-------- RECORDS PROVIDED

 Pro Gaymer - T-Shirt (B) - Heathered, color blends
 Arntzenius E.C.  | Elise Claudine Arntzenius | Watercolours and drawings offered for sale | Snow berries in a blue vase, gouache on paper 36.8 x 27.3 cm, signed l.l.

----------------
-------- RECORDS PROVIDED

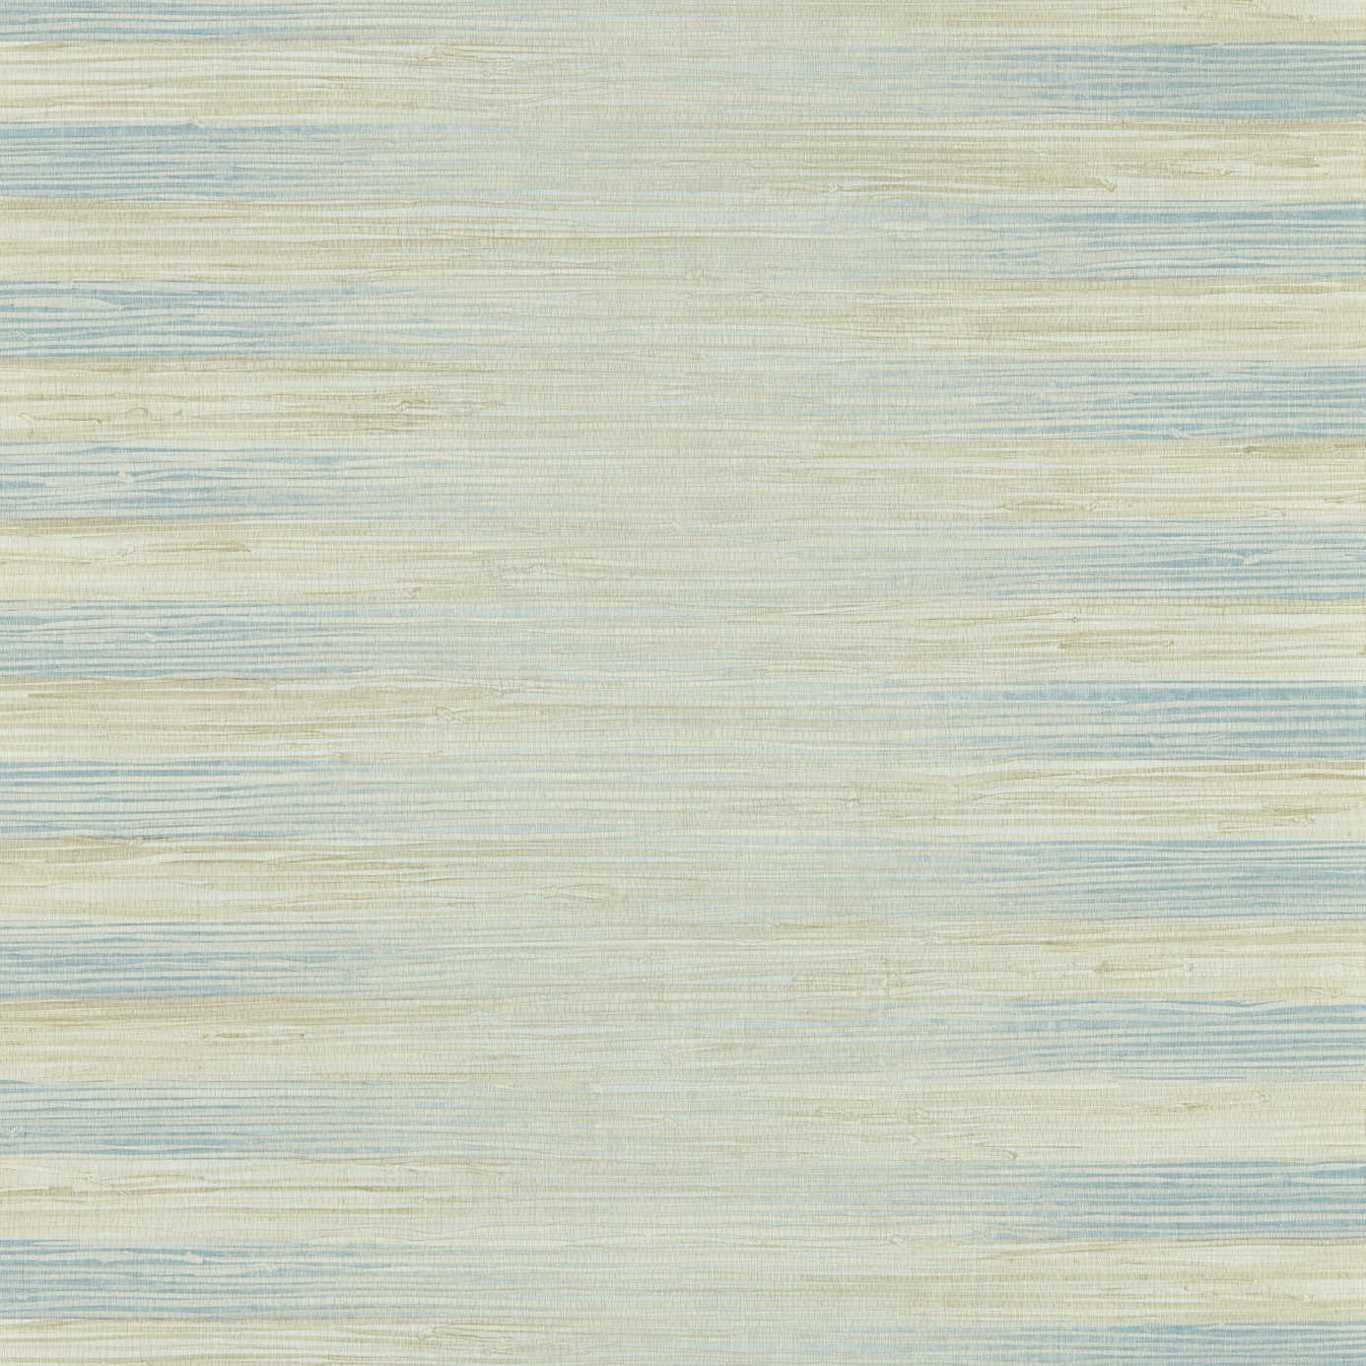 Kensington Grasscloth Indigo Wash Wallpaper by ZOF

----------------

Within the listing above, give again exactly every line from the line with "Pro Gaymer - T-Shirt" through the line with "cm, signed l.l.", both included, and no other line.

EXERCISE RESULT.
 Pro Gaymer - T-Shirt (B) - Heathered, color blends
 Arntzenius E.C.  | Elise Claudine Arntzenius | Watercolours and drawings offered for sale | Snow berries in a blue vase, gouache on paper 36.8 x 27.3 cm, signed l.l.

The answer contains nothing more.